Method for Polishing Silicon Wafer

[0061] The method for polishing a silicon wafer according to the present disclosure is characterized in comprising polishing a silicon wafer using a polishing pad that has been dressed using the method for dressing a polishing pad according to this disclosure described above.

[0062] As described above, in the method for dressing a polishing pad according to this disclosure, because the pad dresser is used which is configured to allow the radius of curvature R1, in the radial direction of the polishing plate, of the dressing surface of the grindstone that slides on the polishing pad to be changed, the polishing pad can be dressed more evenly even when the surface of the rotating plate is curved. As a result, the flatness of a silicon wafer can be improved by polishing the silicon wafer with the dressed polishing pad.

[0063] The method for producing a silicon wafer according to the present disclosure is characterized in comprising polishing a silicon wafer obtained by performing wafer processing treatment on a single crystal silicon ingot grown by a predetermined method, using the method for polishing a silicon wafer according to the present disclosure described above.

[0064] As described above, the method for polishing a silicon wafer according to the present disclosure can improve the flatness of silicon wafers. Therefore, by polishing a silicon wafer obtained by performing wafer processing treatment on a single crystal silicon ingot grown by a predetermined method, such as the Czochralski (CZ) process or floating zone melting process (FZ) process, using the method for polishing a silicon wafer according to the present disclosure, a silicon wafer with higher flatness can be produced.
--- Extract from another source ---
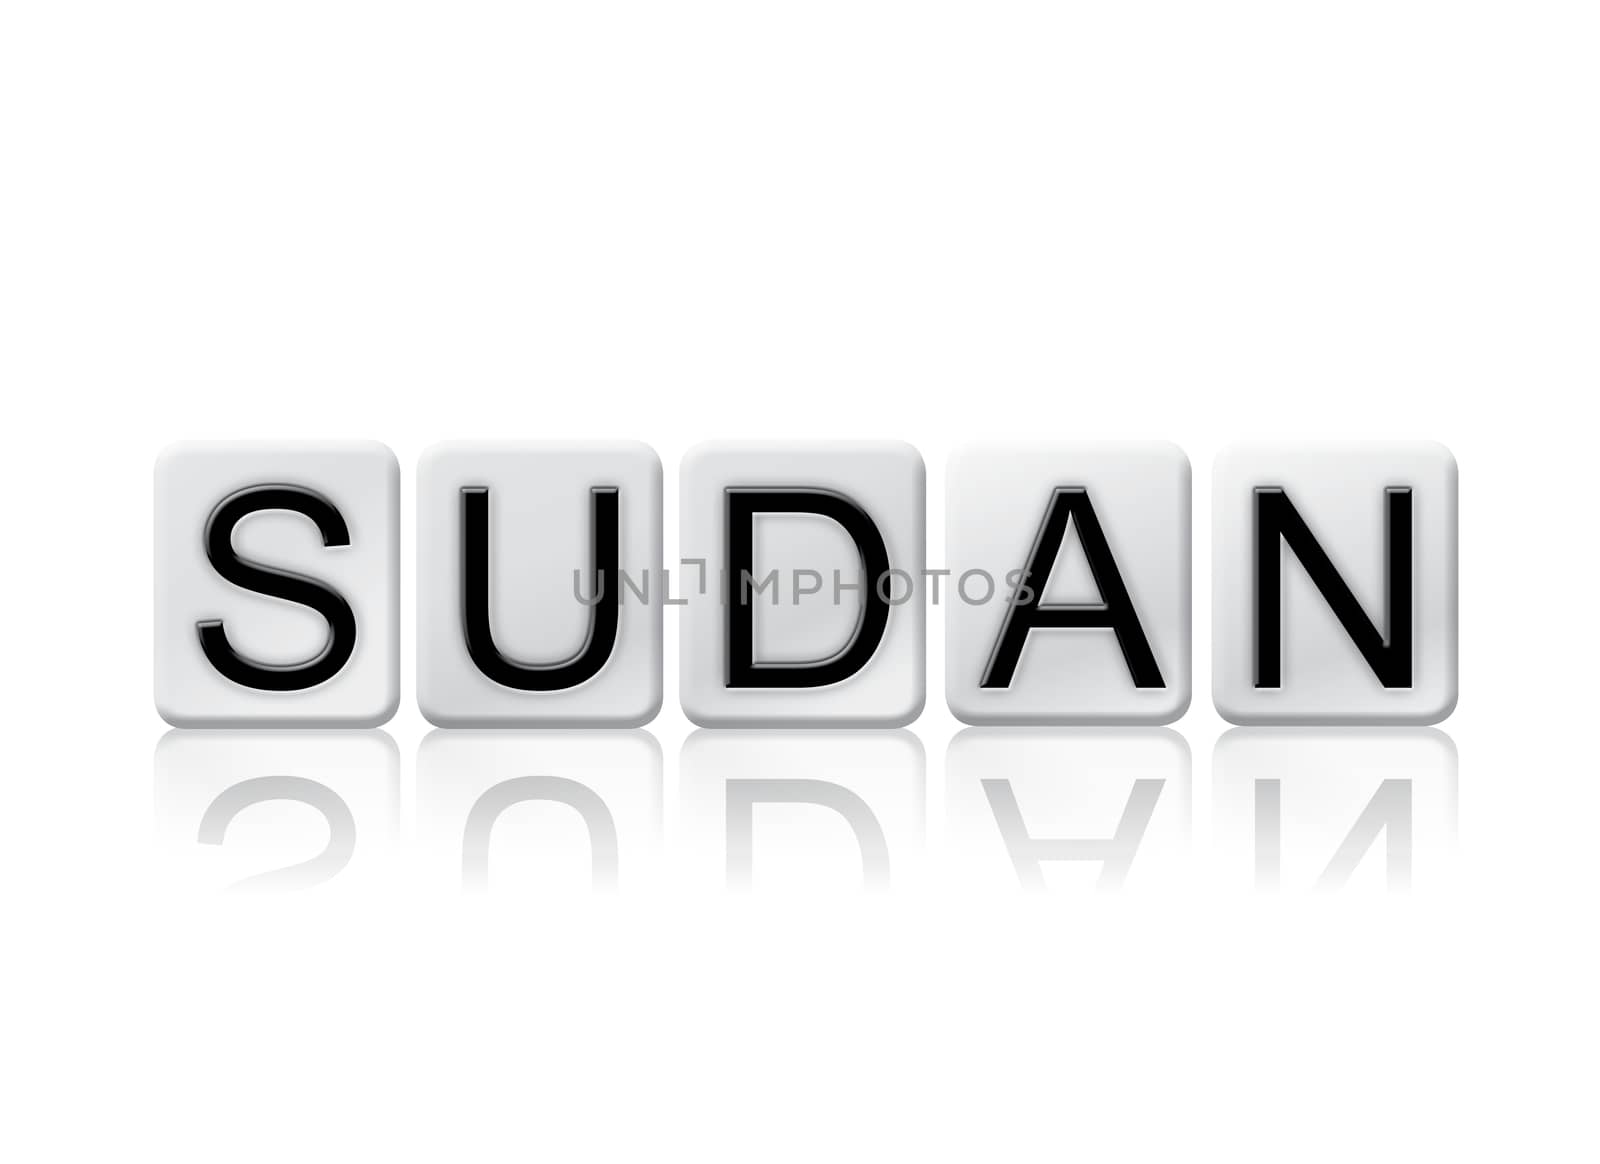 Sudan Isolated Tiled Letters Concept and Theme by enterlinedesign

Device for Polishing Silicon Wafer

[0065] The device for polishing a silicon wafer according to the present disclosure is a device which comprises a polishing plate; a polishing pad attached to the polishing plate; and a pad dresser having a grindstone attached thereto, and dresses the polishing pad. Here, this device is characterized in that it is configured to allow a radius of curvature R1, in the radial direction of the polishing plate, of a dressing surface of the grindstone that slides on the polishing pad to be changed.

[0066] The device for polishing a silicon wafer according to the present disclosure is characterized in that it comprises a pad dresser that can be used for the method for dressing a polishing pad according to the present disclosure described above. Because the polishing device comprises the pad dresser, it is possible to dress the polishing pad with a constant pressing pressure, thereby dressing the polishing pad more evenly. As a result, by polishing a silicon wafer with the dressed polishing pad, the flatness of the silicon wafer can be improved

[0067] The pad dresser can be a pad dresser 2, as illustrated in FIG. 3, in which the grindstone 22 has a plurality of dressing surfaces 22b to 22e with different radius of curvatures, so that the radius of curvature R1 of the dressing surface that slides on the polishing pad 100 can be changed by rotating the grindstone 22.

[0068] Further, the pad dresser can be a pad dresser in which a base material of the grindstone is made of an alloy capable of flexing, so that the radius of curvature R1 of the dressing surface can be changed by pressing the grindstone from an opposite side of the dressing surface.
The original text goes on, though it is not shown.